JP2009092248A - Clutch operation device - Google Patents

Abstract

<P>PROBLEM TO BE SOLVED: To reduce cost, and to miniaturize a device, by reducing the number of parts, in the clutch operation device for turning on and off a first tension clutch and a second tension clutch in predetermined order. <P>SOLUTION: This clutch operation device 46 respectively connects wires 45 and 47 to a single sector gear 54 rotating in response to driving of an electric motor 48, and turns on only a threshing clutch mechanism 44 while holding a mowing clutch mechanism 43 in the OFF position by the rotational movement to an intermediate position from an initial position of the sector gear 54, and turns on the mowing clutch mechanism 43 while holding the threshing clutch mechanism 44 in the ON position by the rotational movement to a tail end position from the intermediate position of the sector gear 54, and also makes the wire 47 go over a fulcrum for holding the threshing clutch mechanism 44 in the ON position. <P>COPYRIGHT: (C)2009,JPO&INPIT

Description

  The present invention relates to a clutch operating device that turns on and off a first tension clutch and a second tension clutch in a predetermined order by driving a motor.
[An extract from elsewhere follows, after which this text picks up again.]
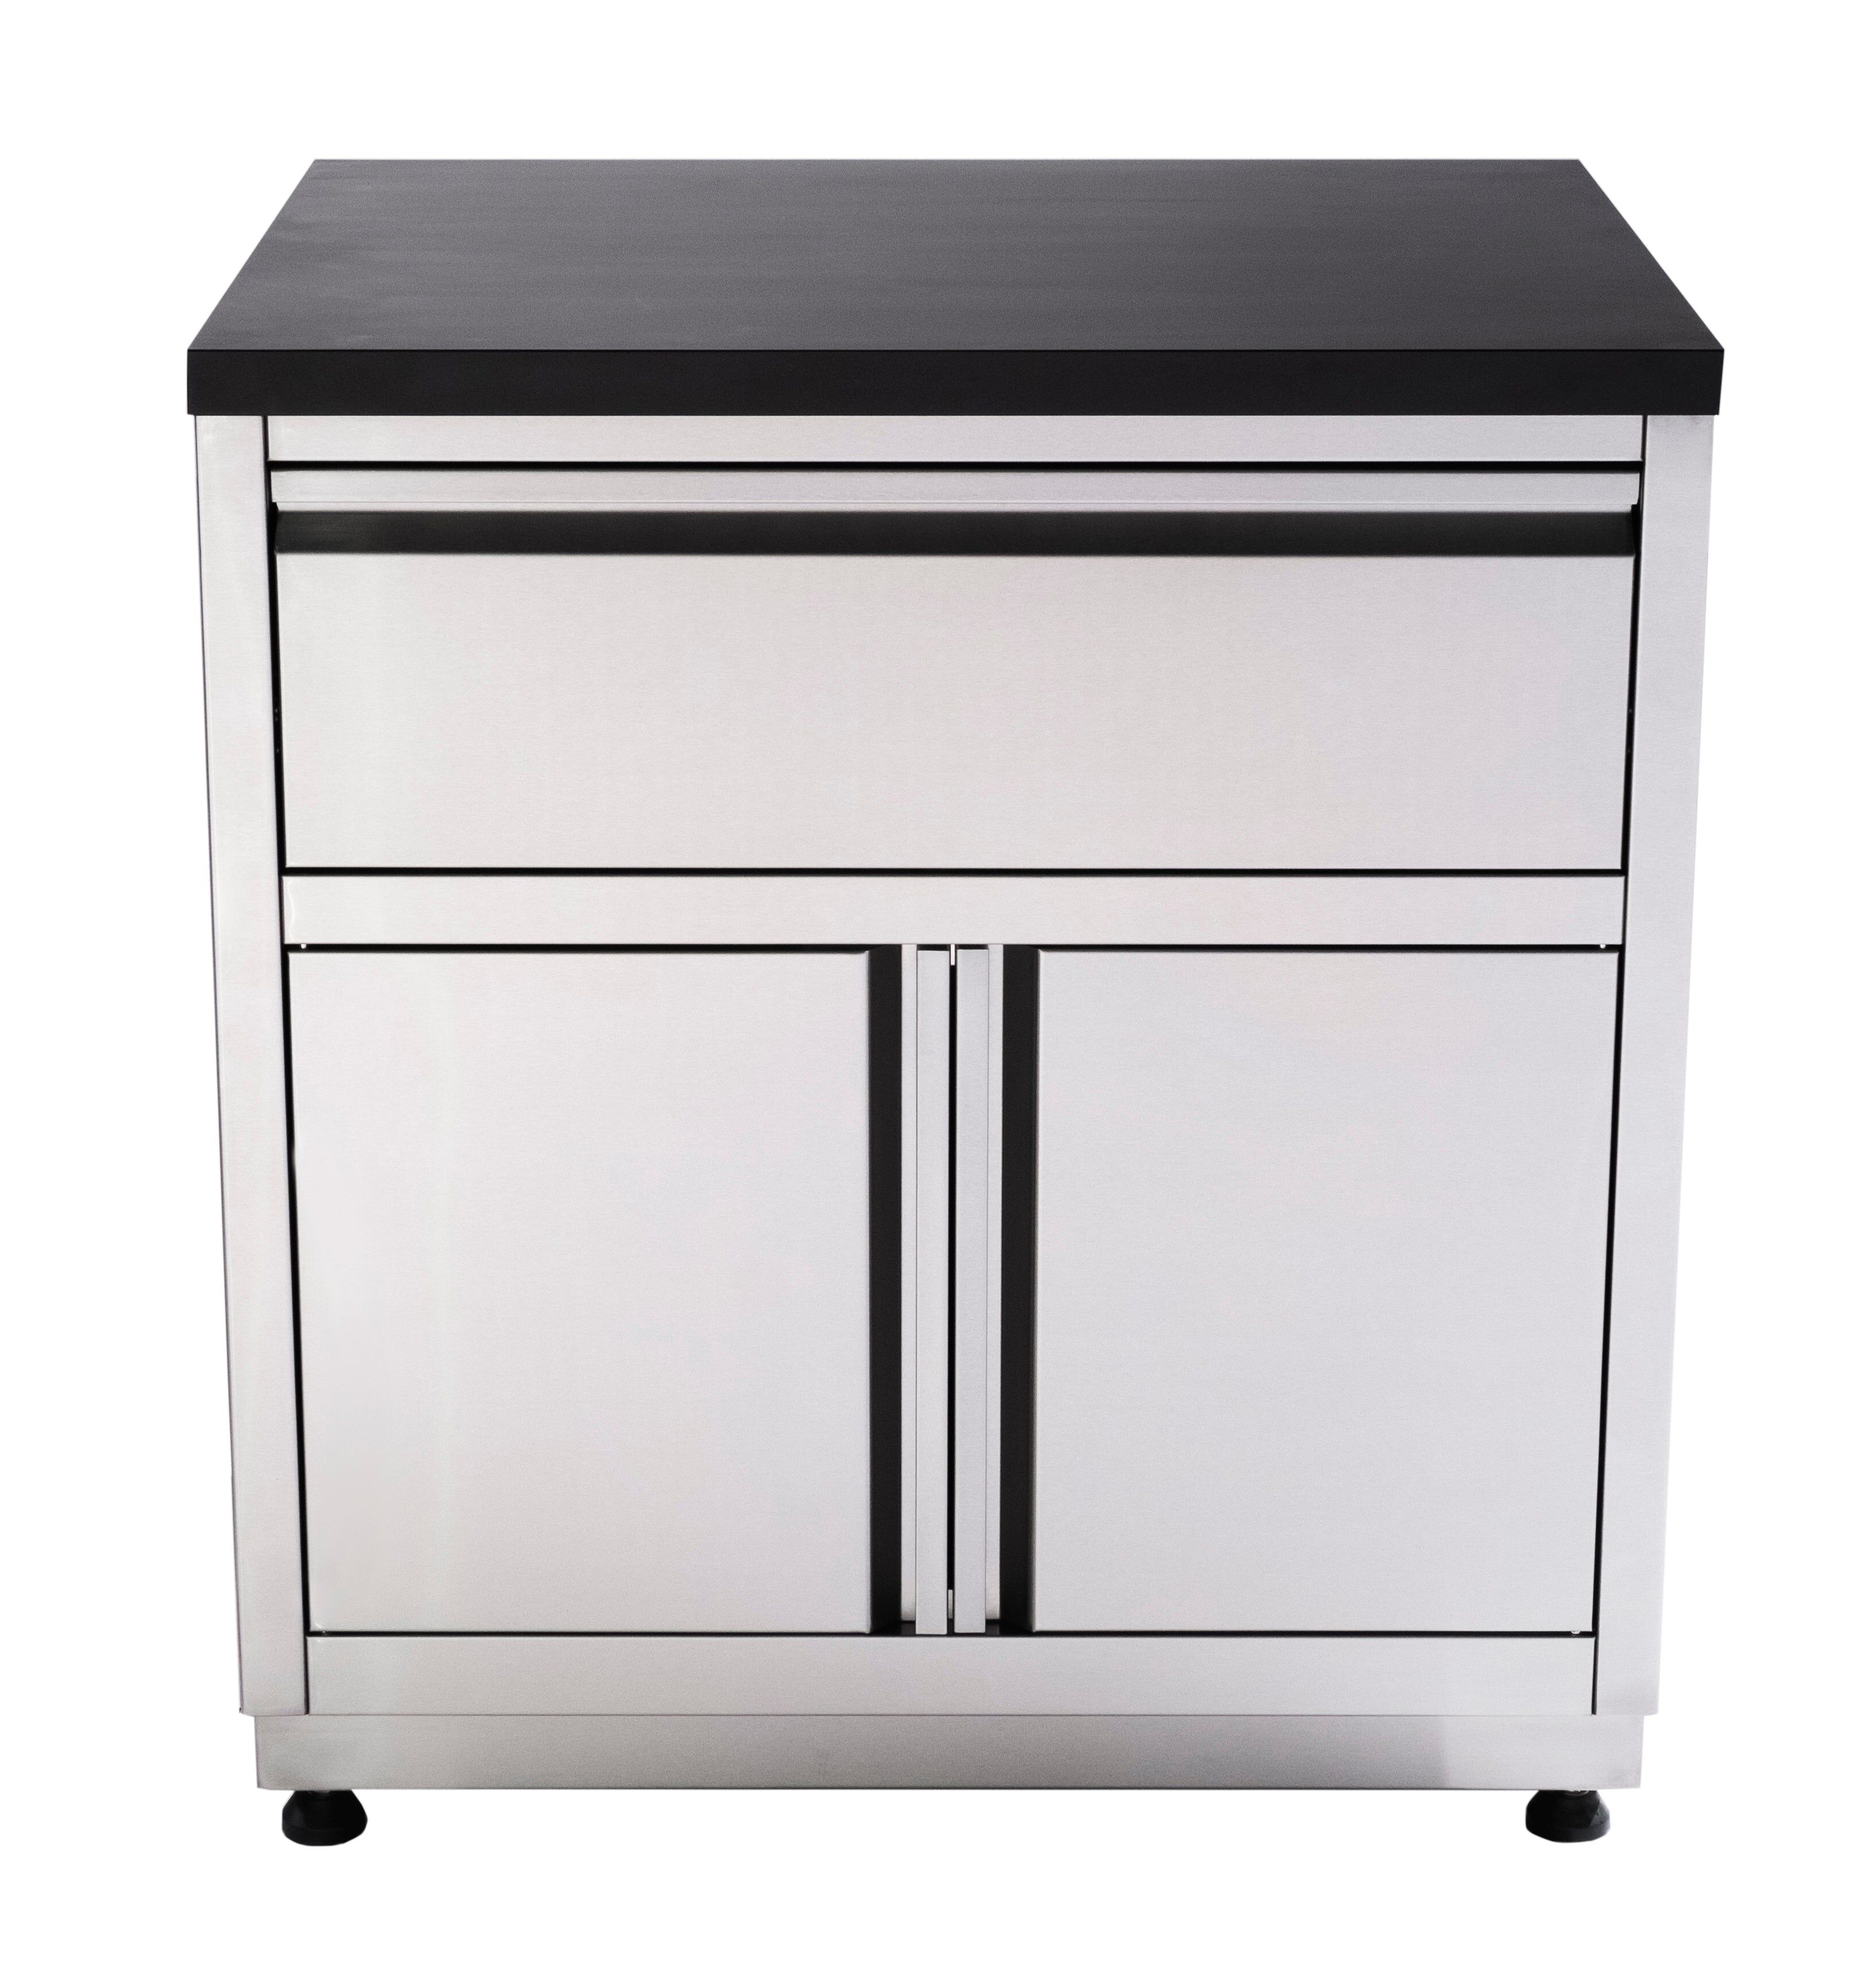 Grilla 31.5" Outdoor Kitchen Cabinet

The first tension clutch and the second tension clutch are linked to each other via a linkage member, and these linkage members are operated by driving the motor to turn the first tension clutch and the second tension clutch on / off in a predetermined order. A clutch operating device is known (see Patent Document 1). For example, the clutch operating device described in Patent Document 1 is applied to a combine, and is configured to turn ON / OFF a mowing clutch and a threshing clutch by a single motor drive. According to such a configuration, it is possible not only to reduce the operator's clutch operation load compared to when both clutches are operated manually, but also to automatically turn on / off the reaping clutch and the threshing clutch according to the work situation. Is possible.
Japanese Patent Publication No. 8-22182

  However, the clutch operating device described in Patent Document 1 includes two rotating members (arms) to which the connecting members are connected, and is configured to sequentially rotate these rotating members with a cam. There is a problem that not only the number of parts increases but the cost increases, and the apparatus becomes large.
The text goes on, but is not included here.